• **RAW DATA**:
|---|
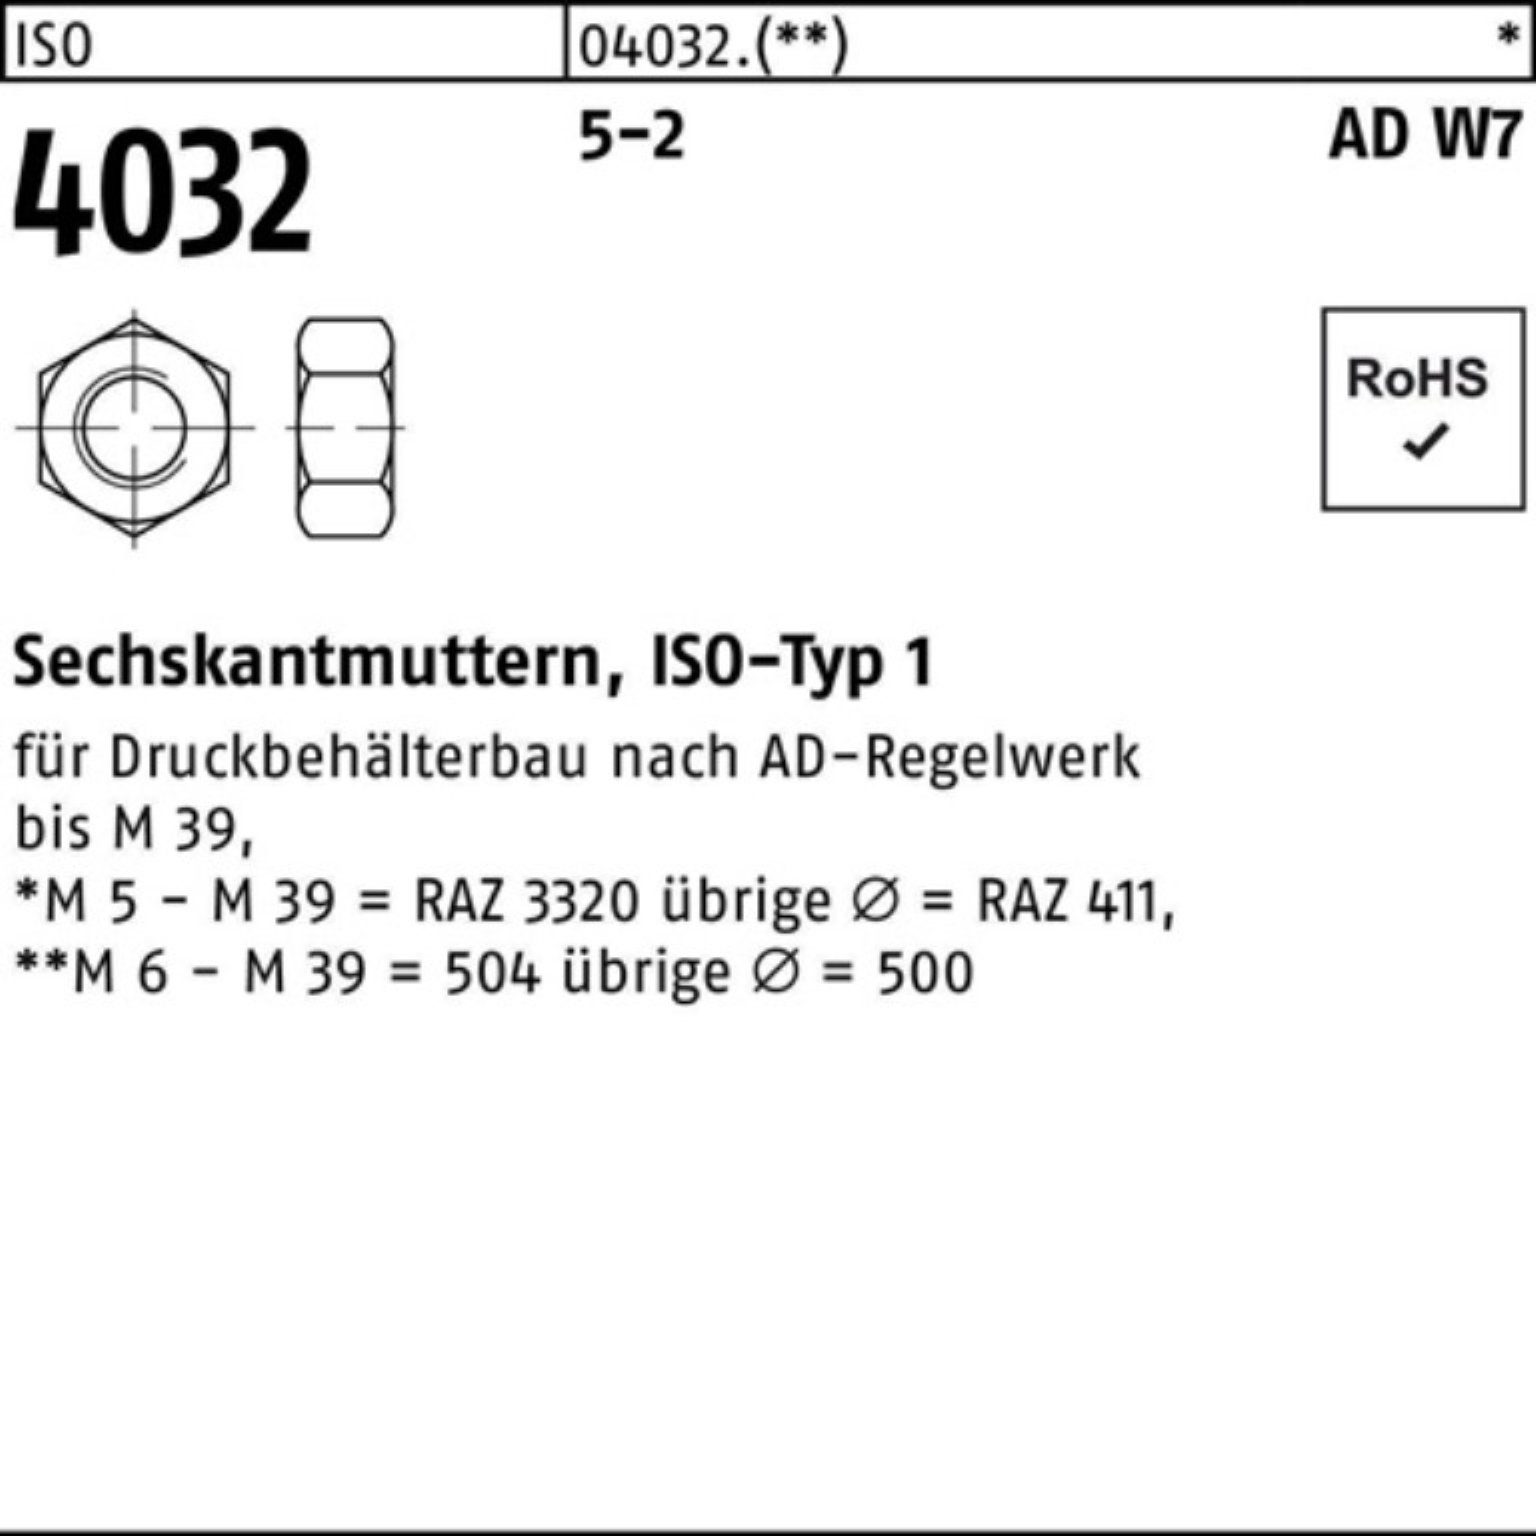 Bufab Muttern 100er Pack Sechskantmutter ISO 4032 M24 5-2 AD W7 50 Stück ISO 4032 5
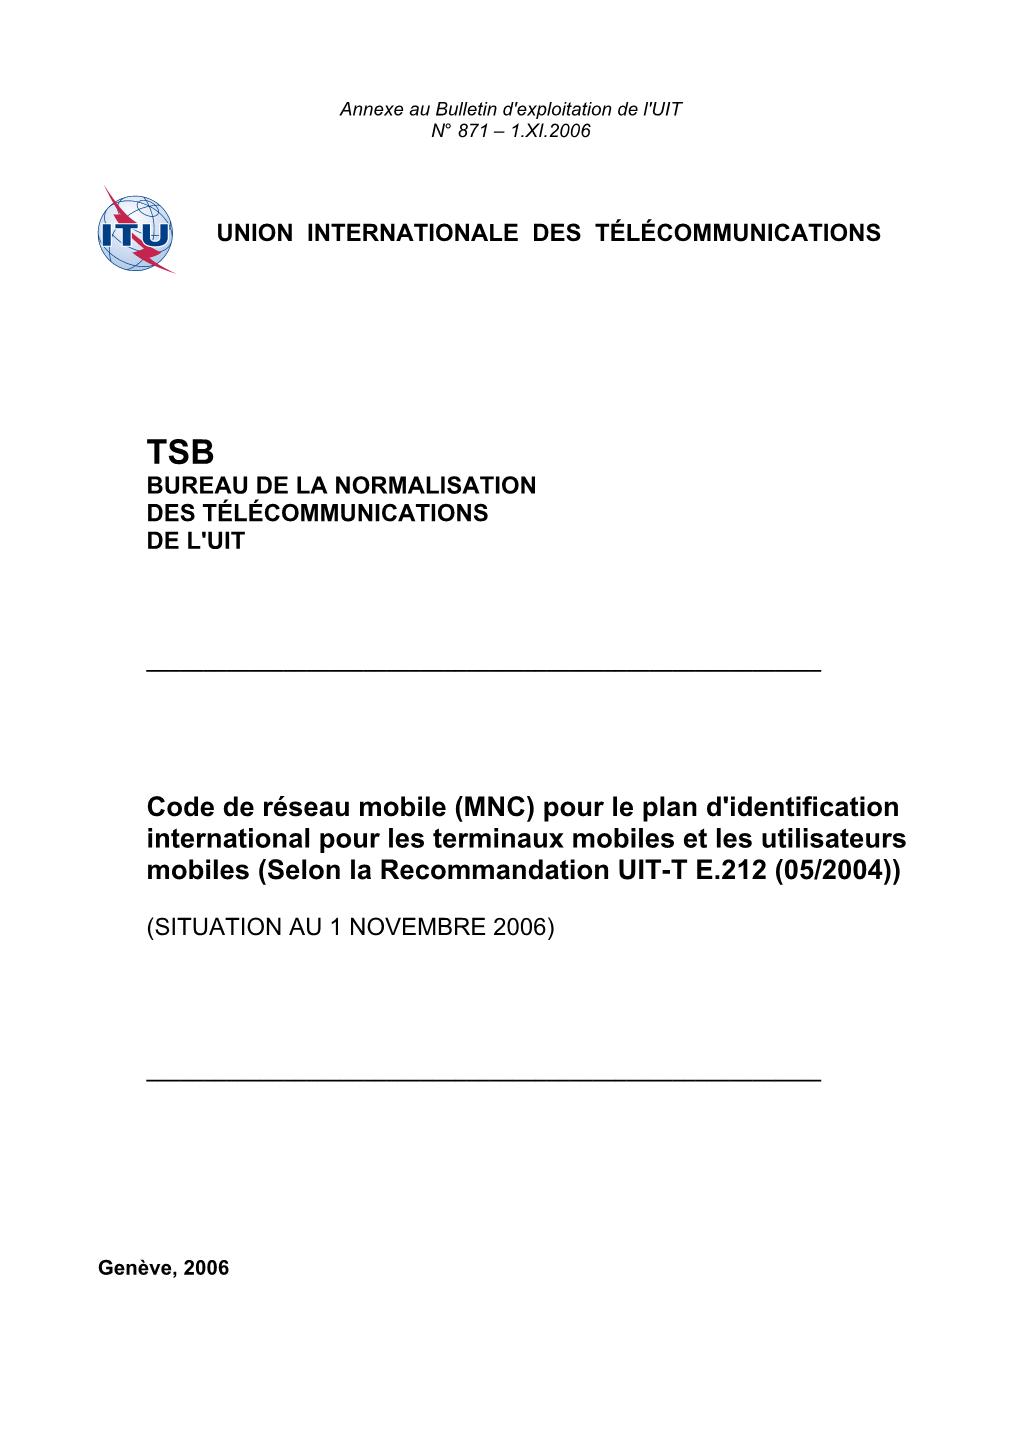 MNC) Pour Le Plan D'identification International Pour Les Terminaux Mobiles Et Les Utilisateurs Mobiles (Selon La Recommandation UIT-T E.212 (05/2004))
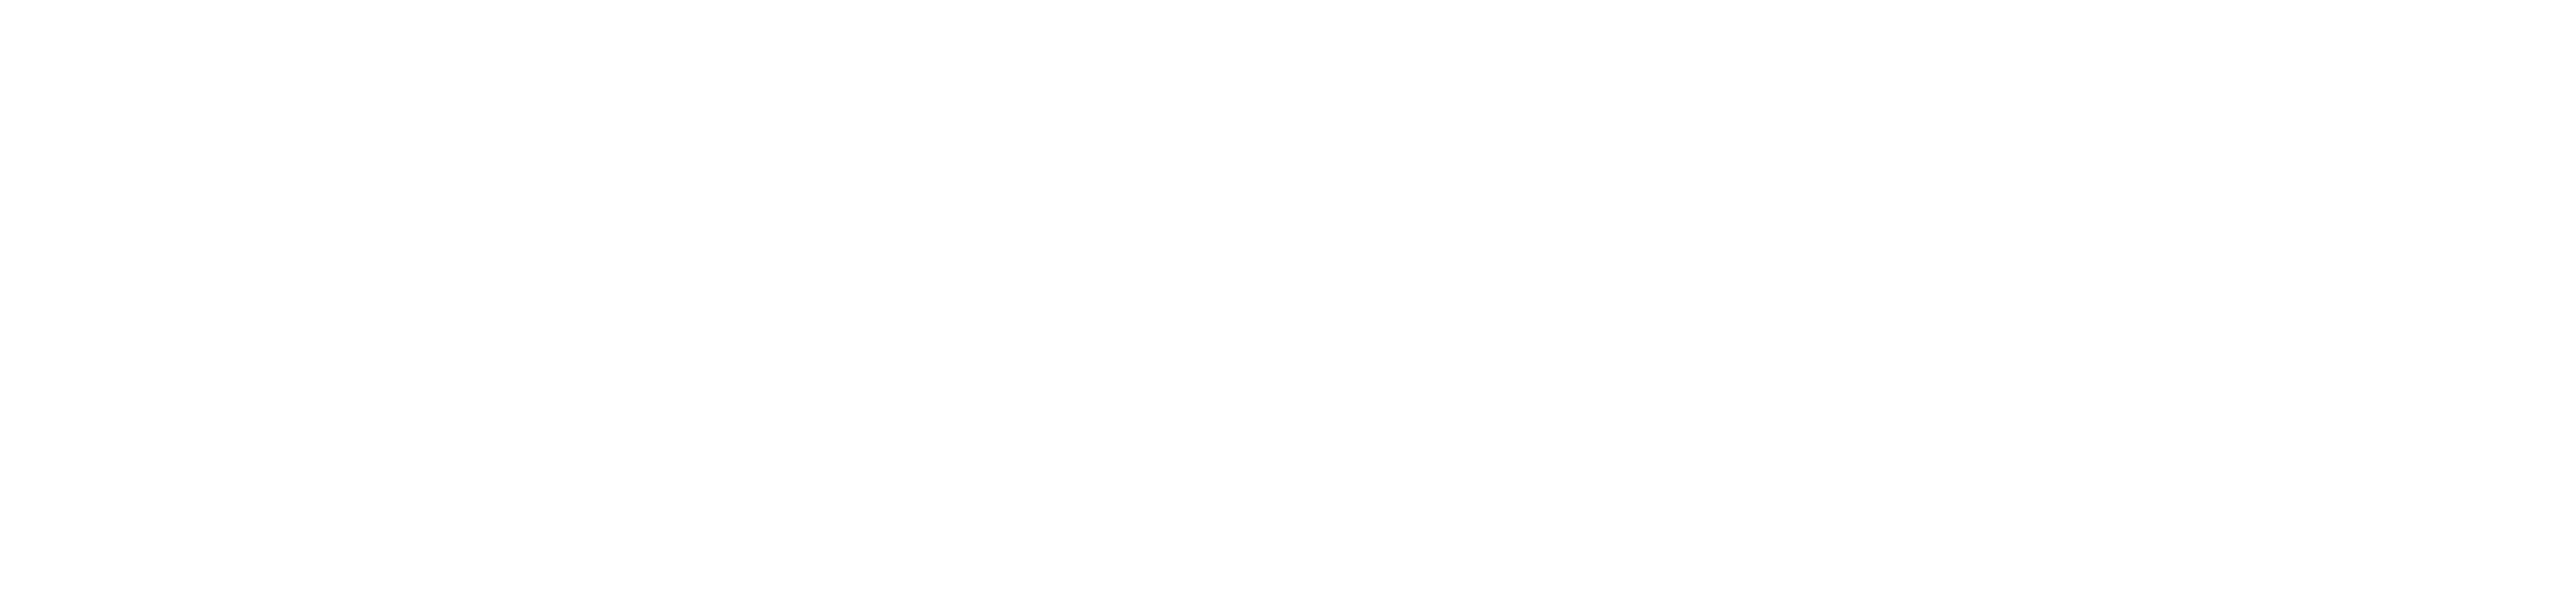 BidMax.com
|---|
Nothing but the lines from the line containing "MNC) Pour Le" through the end of the data, both ends included, is to be reproduced, exactly as written and without the pictures.

 MNC) Pour Le Plan D'identification International Pour Les Terminaux Mobiles Et Les Utilisateurs Mobiles (Selon La Recommandation UIT-T E.212 (05/2004))
 BidMax.com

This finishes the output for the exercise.